On 21/08/2025 07:14, Alison Schofield wrote:
On Tue, Aug 05, 2025 at 03:58:41AM +0000, Zhijian Li (Fujitsu) wrote:
Hi Dan and Smita,
On 24/07/2025 00:13, dan.j.willi...@intel.com wrote:
dan.j.williams@ wrote:
[..]
If the goal is: "I want to give device-dax a point at which it can make
a go / no-go decision about whether the CXL subsystem has properly
assembled all CXL regions implied by Soft Reserved instersecting with
CXL Windows." Then that is something like the below, only lightly tested
and likely regresses the non-CXL case.
-- 8< --
From 48b25461eca050504cf5678afd7837307b2dd14f Mon Sep 17 00:00:00 2001
From: Dan Williams <dan.j.willi...@intel.com>
Date: Tue, 22 Jul 2025 16:11:08 -0700
Subject: [RFC PATCH] dax/cxl: Defer Soft Reserved registration
Likely needs this incremental change to prevent DEV_DAX_HMEM from being
built-in when CXL is not. This still leaves the awkward scenario of CXL
enabled, DEV_DAX_CXL disabled, and DEV_DAX_HMEM built-in. I believe that
safely fails in devdax only / fallback mode, but something to
investigate when respinning on top of this.

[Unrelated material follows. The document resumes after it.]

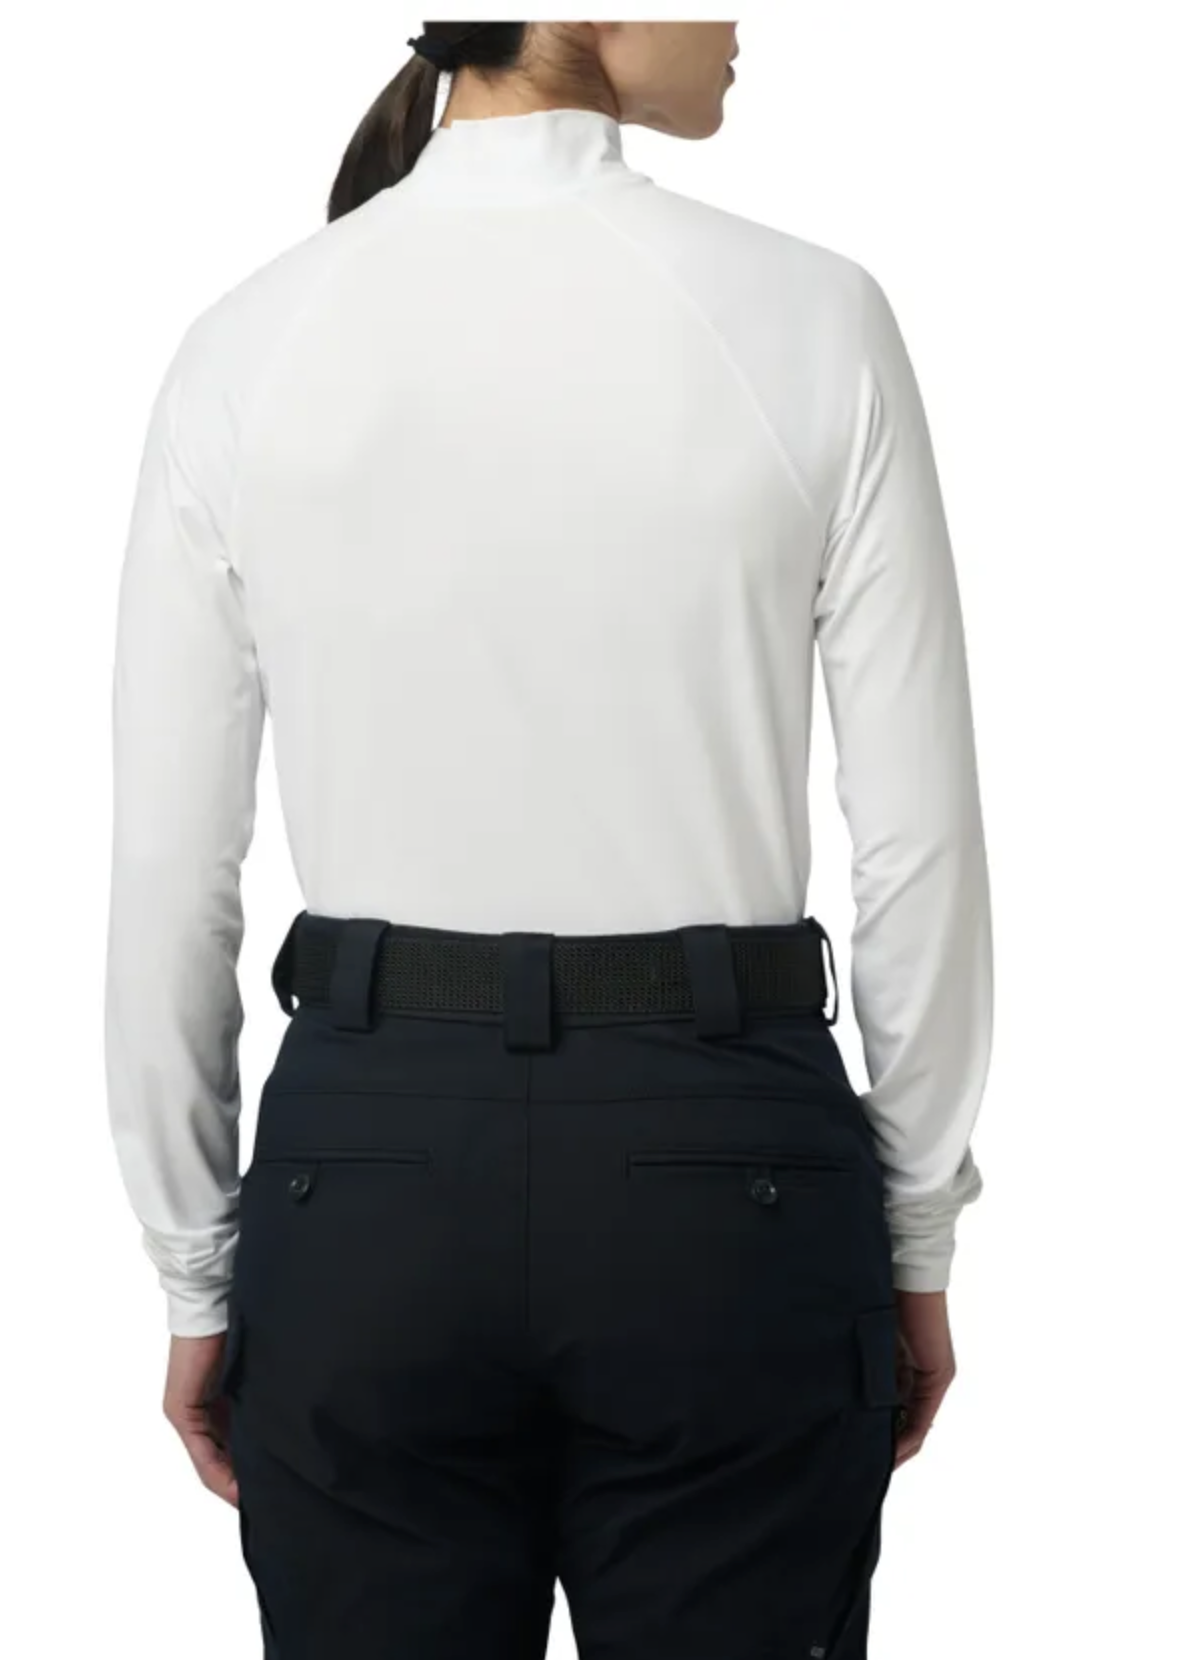 5.11 - Women's Mock Neck Long Sleeve Top - Uniform White (992)

Thank you for your RFC; I find your proposal remarkably compelling, as it
adeptly addresses the issues I am currently facing.

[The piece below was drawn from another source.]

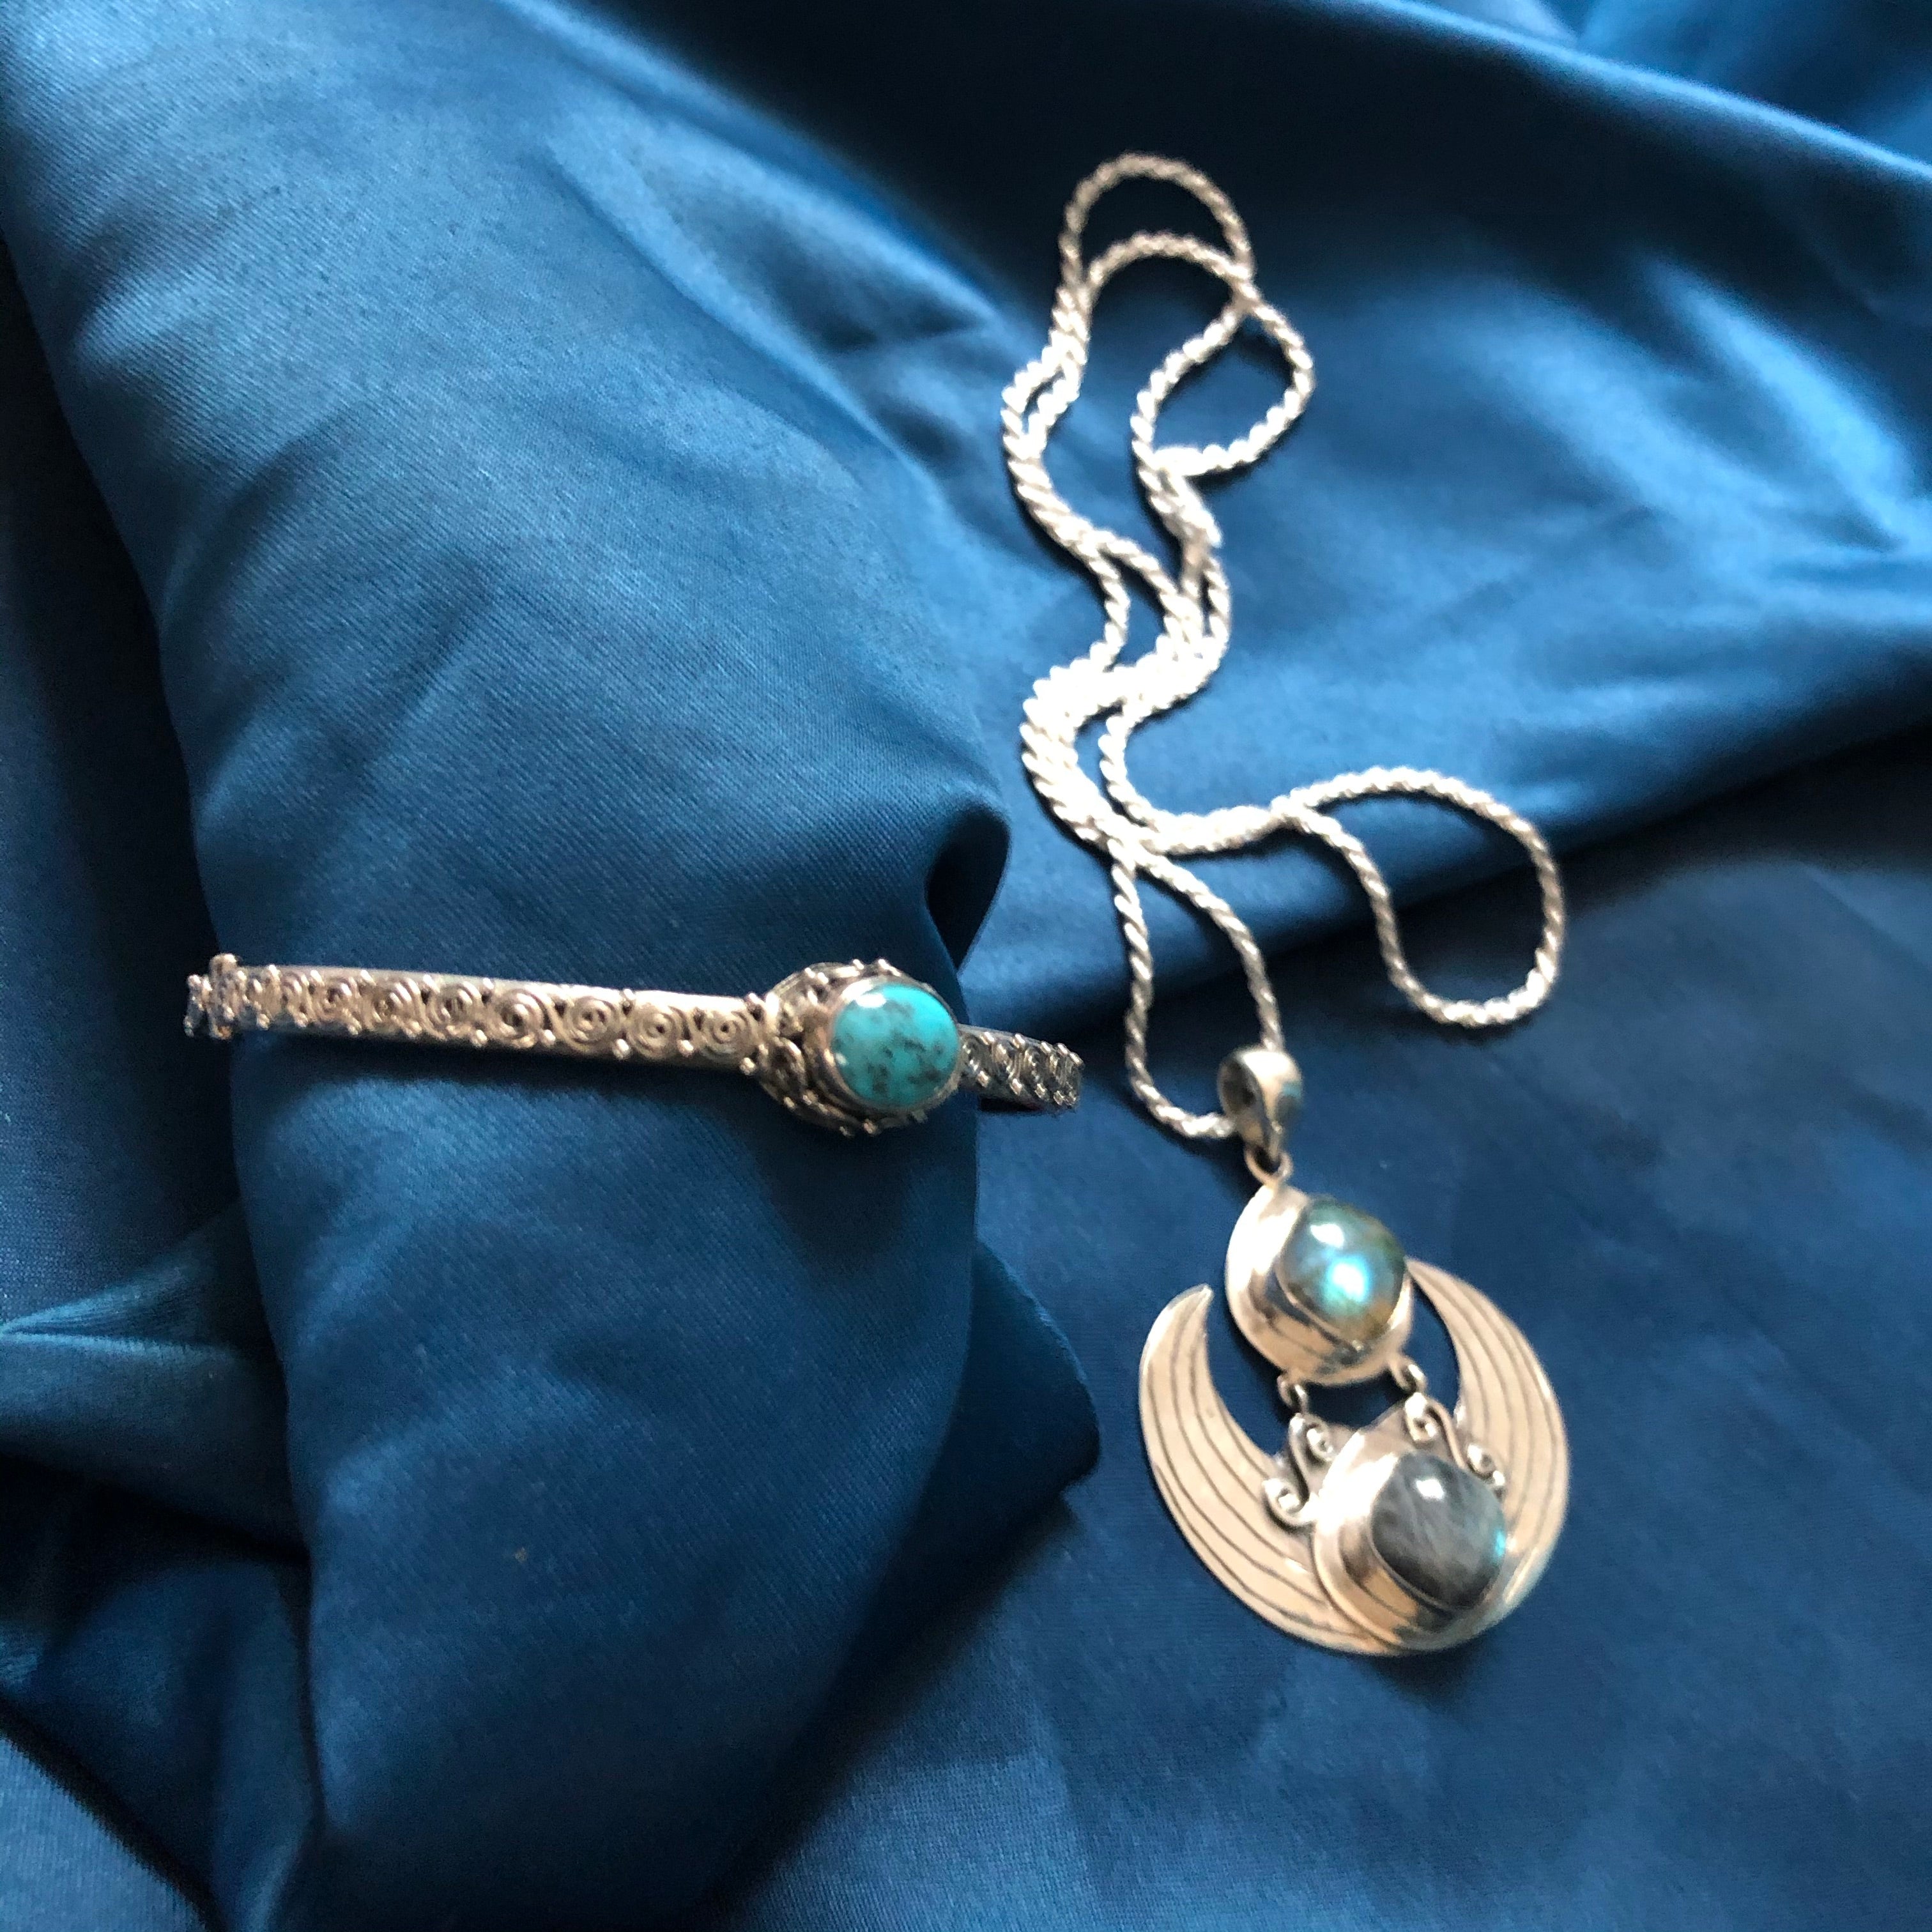 Luna Atlantica Set -  Bracelet and Necklace with Silver Chain

To begin with, I still encountered several issues with your patch (considering
the patch at the RFC stage, I think it is already quite commendable):
Hi Zhijian,
Like you, I tried this RFC out. It resolved the issue of soft reserved
resources preventing teardown and replacement of a region in place.
I looked at the issues you found, and have some questions comments
included below.
1. Some resources described by SRAT are wrongly identified as System RAM
(kmem), such as the following: 200000000-5bffffff.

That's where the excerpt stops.